Degree of polymerization
The degree of polymerization (DP) determines the length of a polymer chain. DP is the number of monomer units (repeating units) that make up this chain. The degree of polymerization of the polymer is directly proportional to the molar mass.
It is exceptional that a synthetic polymer consists of chains of the same degree of polymerization, but there is a distribution of chains of different lengths. More precisely, we are talking about the numerical average of the degree of polymerization, D p ¯ n {\displaystyle {\overline {DP}}_{n}}or X ¯ n {\displaystyle {\overline {X}}_{n }}. It is equal to the ratio of the number average molar mass of the polymer to the molar mass of the monomer unit, that is:
D p ¯ n = M ¯ n M 0 {\displaystyle {\overline {DP}}_{n} ={\frac {{\overline {M}}_{n}}{M_{0}}}}.
If the degree of polymerization is between 2 and several tens, the chains are called oligomers.
Effect on physical properties
Special properties of the macromolecular state (as opposed to the simple state) appear for high degrees of polymerization. In general, the viscosity, melting temperature, mechanical strength and glass transition temperature of a polymer material increase with DP up to a limited amount.
Therefore, the molar mass of most industrially produced linear polymers is in the range of tens of thousands of grams per mole, some of which are over a million.

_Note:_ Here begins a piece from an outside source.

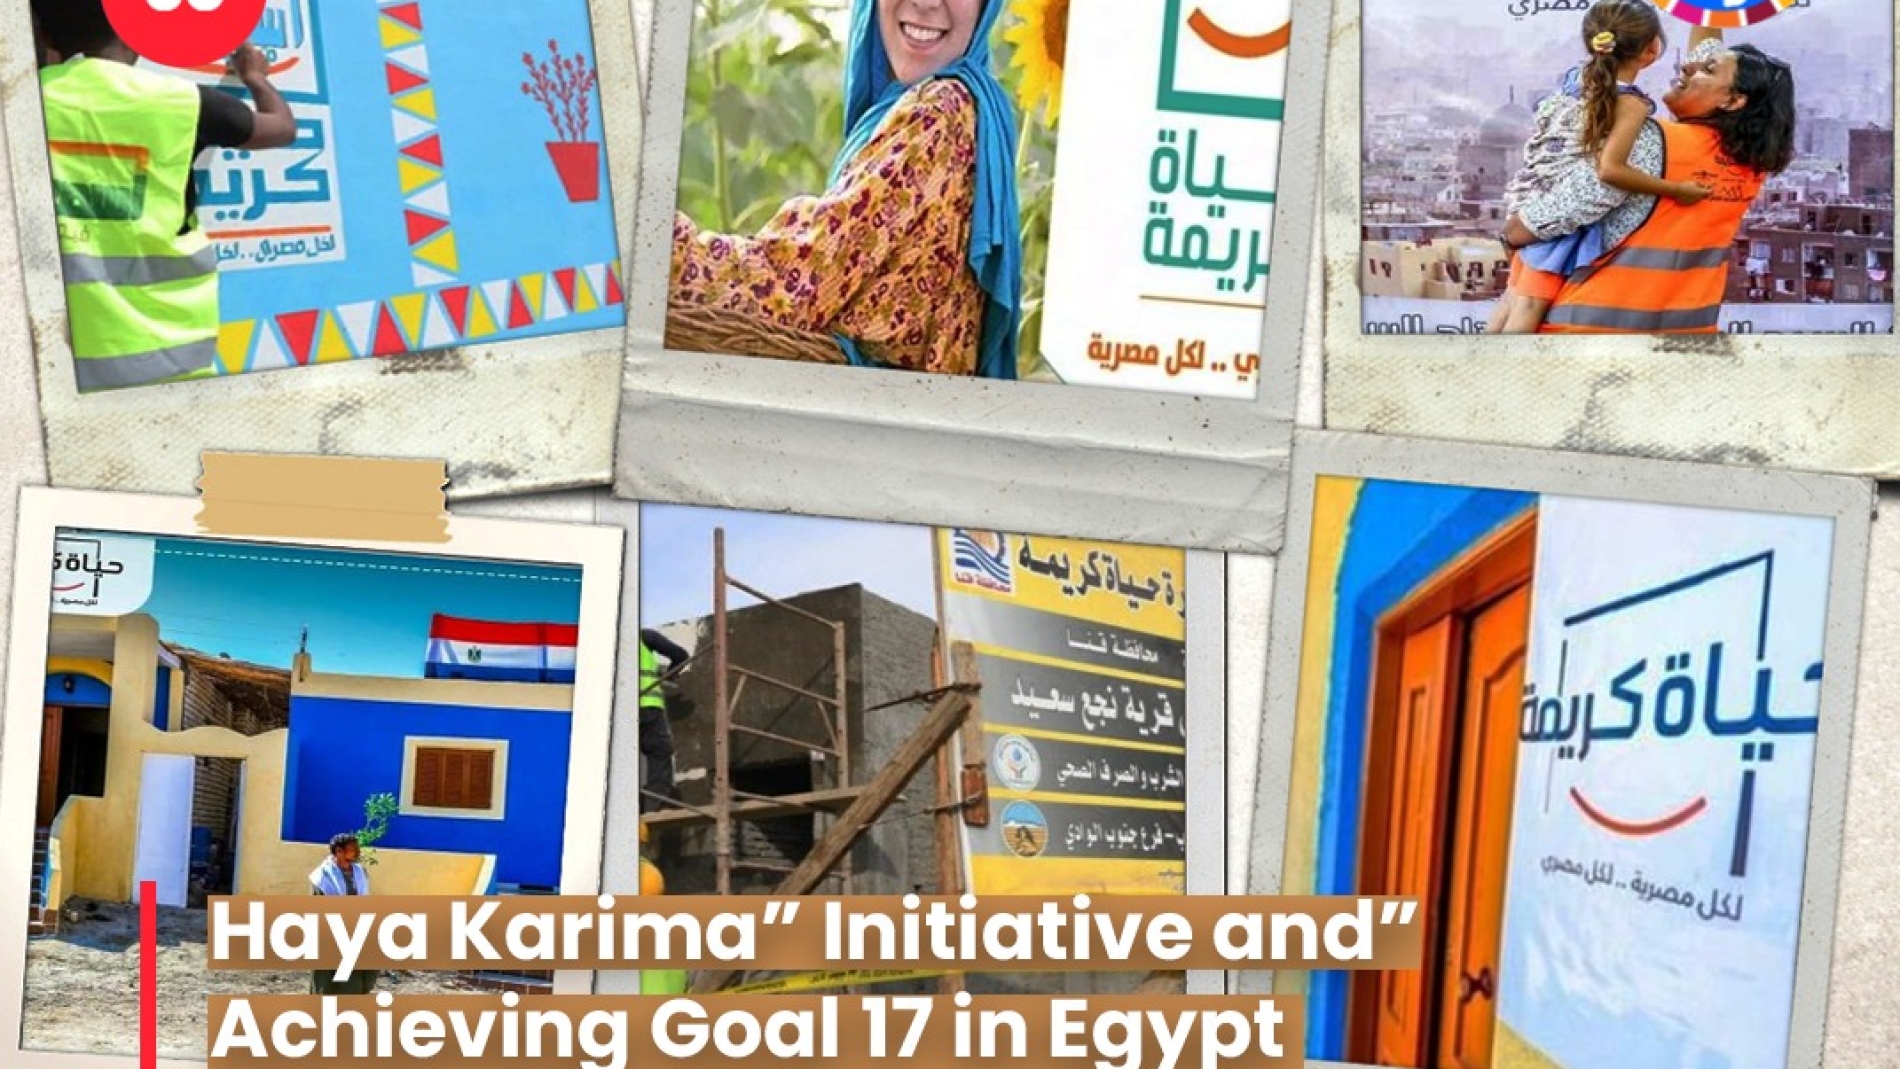 مبادرة “هيا كريمة” وتحقيق الهدف 17 في مصر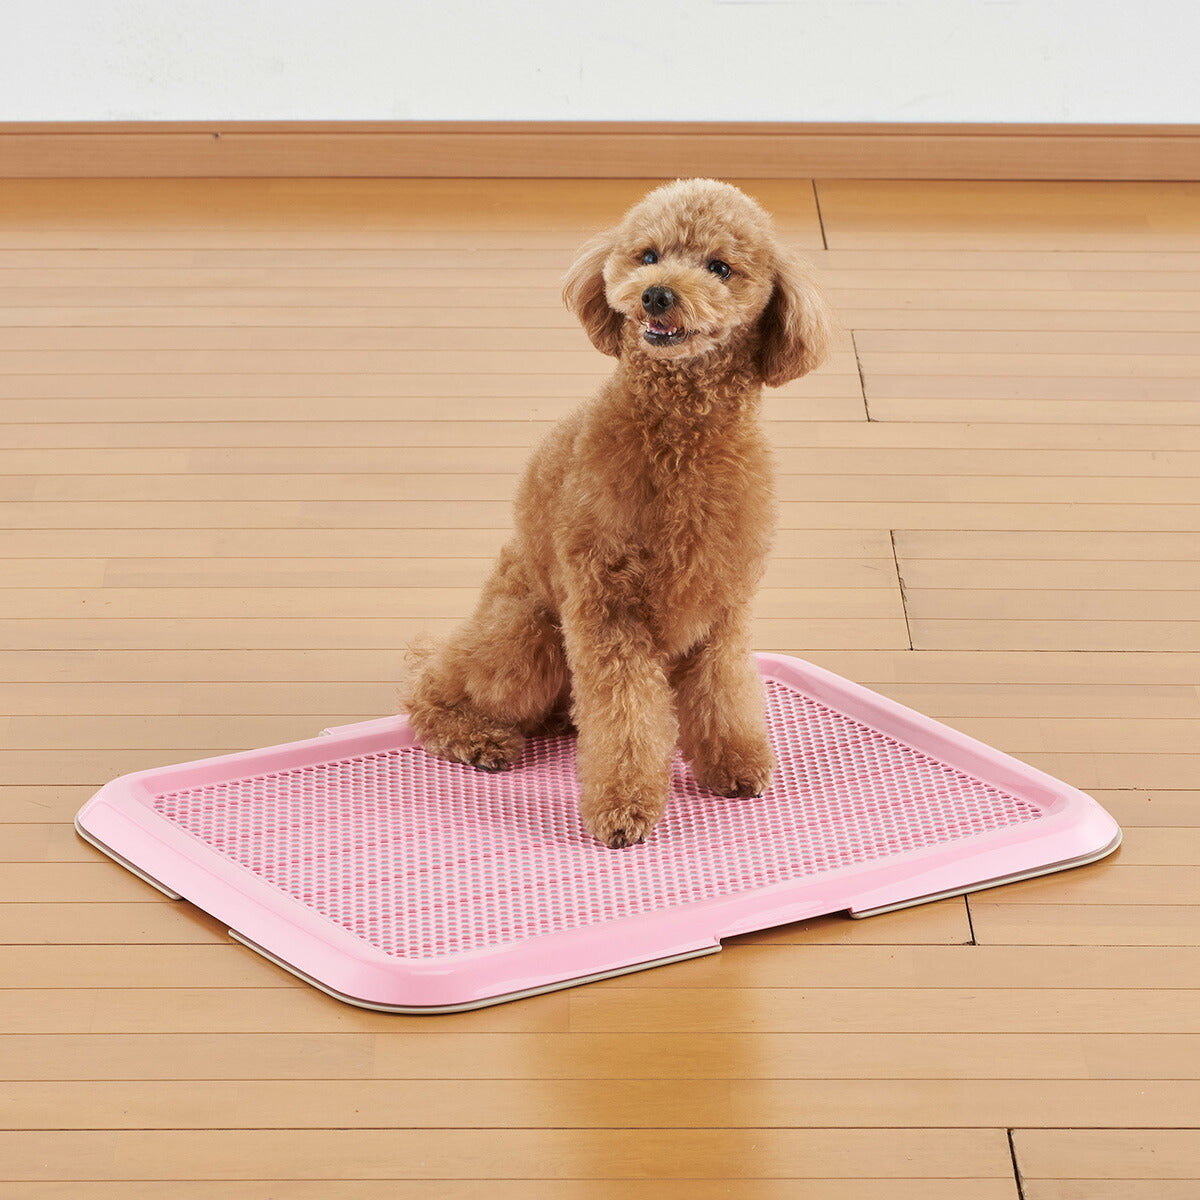 ボンビアルコン 薄型しつけるトレー M ピンク トイレトレー トイレトレーニング 犬用トイレ メッシュカバー

Step by step polymerization
In the case of a stepwise polymerization reaction, if all molecules (monomers or polymers) are difunctional and divalent (of the type XAY, X and Y, which are opposite functions), the rate, p [to that degree (or rate) of progress They also say ], from the reaction at time t:
p = n 0 – n t n 0 {\displaystyle p={\frac {N_{0}-N_{t}}{N_{0}} }}
With :
n 0 N_{0}et N_t N_{t} the number of molecules (monomers or polymers) in the system, respectively, at the initial time and time t.
Or X ¯ n {\displaystyle {\overline {X}}_{n}} is defined :
X ¯ n = N 0 N t {\displaystyle {\overline {X}}_{n}={\frac {N_{0} }{ N_{t}}}}
In the sense that:
X ¯ n = 1 1 – p {\displaystyle {\overline {X}}_{n}={\frac {1}{1-p}}}
which is the Carothers equation to stoichiometry, relating X ¯ n {\displaystyle {\overline {X}}_{n }} to the reaction conversion rate at a given instant.
A high conversion rate is required to form polymers with a high degree of polymerization. In stepwise polymerization, if the reactions are balanced, they must be nearly complete, often with the removal of a secondary product (volatile such as H 2 O or HCl or insoluble) from the reaction as the reaction proceeds. its formation.
Free radical chain polymerization
In the case of radical chain polymerization, Carothers equation is not valid. On the other hand, long chains are formed from the very beginning of the reaction. Longer reaction times increase the polymer yield, but have little effect on the average molecular weight of the product. The degree of polymerization is related to the kinetic chain length, i.e. the average number of monomer molecules added to each initiated chain.
However, it can deviate from the kinetic chain length for various reasons:
Chain termination can be fully or partially accomplished by recombination of two chain radicals, which doubles the degree of polymerization.
Chain transfer to the monomer initiates a new macromolecule during a chain of kinetic steps that leads to a decrease in the degree of polymerization.
Transferring the chain to the solvent or to another solute (called regulator) also reduces the degree of polymerization.